Schinzel Syndrome, also known as Schinzel-Giedion Syndrome, is a rare genetic disorder characterized by multiple physical and developmental abnormalities. It was first described by Schinzel and Giedion in 1978. The syndrome is caused by a mutation in the SETBP1 gene, which plays a role in regulating gene expression and cell growth.
Individuals with Schinzel Syndrome typically exhibit distinct facial features including a prominent forehead, widely spaced eyes, a broad nasal bridge, and a small chin. They may also have a short neck, low-set ears, and a small mouth. Additionally, affected individuals often experience severe intellectual disability and developmental delay. They may have limited or absent speech, and some may develop seizures.
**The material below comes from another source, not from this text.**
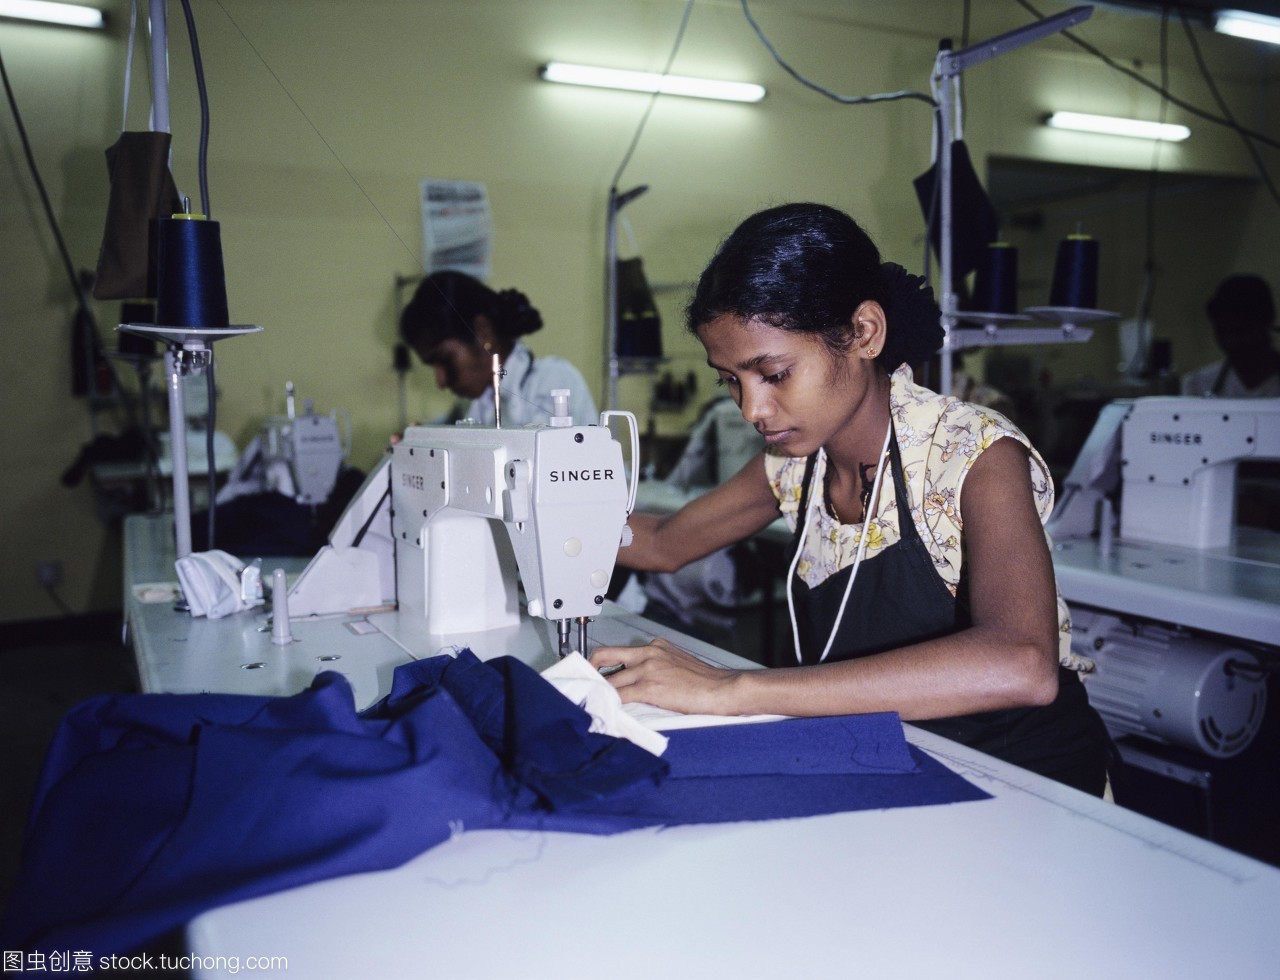 服装制造。缝纫衣服的女人在工厂。拍摄在科伦坡斯里兰卡。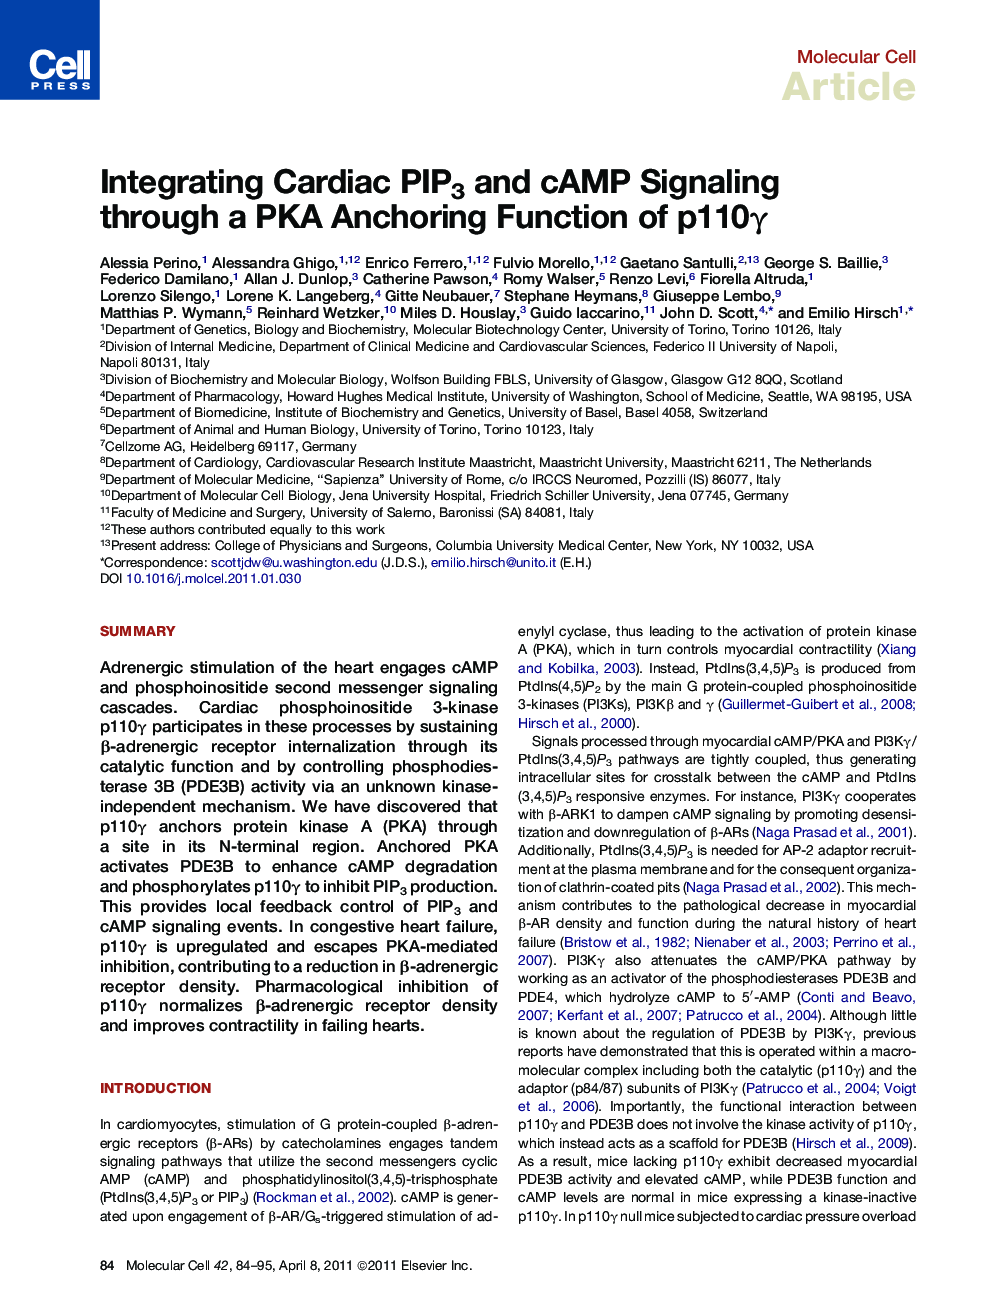 Integrating Cardiac PIP3 and cAMP Signaling through a PKA Anchoring Function of p110γ

Other common features of Schinzel Syndrome include skeletal abnormalities such as short stature, scoliosis (curvature of the spine), and joint contractures. Many individuals also have abnormalities of the urinary tract, heart defects, and gastrointestinal problems. Due to the severity of the condition, individuals with Schinzel Syndrome often have a shortened lifespan.
The International Classification of Diseases, Tenth Revision (ICD-10), is a coding system used to classify and categorize diseases and disorders. Unfortunately, Schinzel Syndrome does not have a specific ICD-10 code. However, the condition may be classified under broader categories such as "Other specified congenital malformations" (Q89.8) or "Other specified disorders of intellectual development" (F79.8).
On the other hand, the International Classification of Diseases, Ninth Revision (ICD-9), was the previous coding system used before the implementation of ICD-10. Similarly, Schinzel Syndrome does not have a specific ICD-9 code. It may have been classified under broader categories such as "Other specified congenital anomalies" (759.89) or "Unspecified mental retardation" (317).
It is important to note that the ICD-10 and ICD-9 codes mentioned above are not specific to Schinzel Syndrome but rather provide a general classification for conditions with similar characteristics. Proper diagnosis and coding should be done by a qualified healthcare professional based on the individual's specific symptoms and medical history.
Overall, Schinzel Syndrome is a rare genetic disorder characterized by multiple physical and developmental abnormalities. While it does not have a specific ICD-10 or ICD-9 code, it may be classified under broader categories related to congenital malformations or intellectual development disorders. It is crucial for individuals with suspected Schinzel Syndrome to consult with a healthcare professional for accurate diagnosis and appropriate medical management.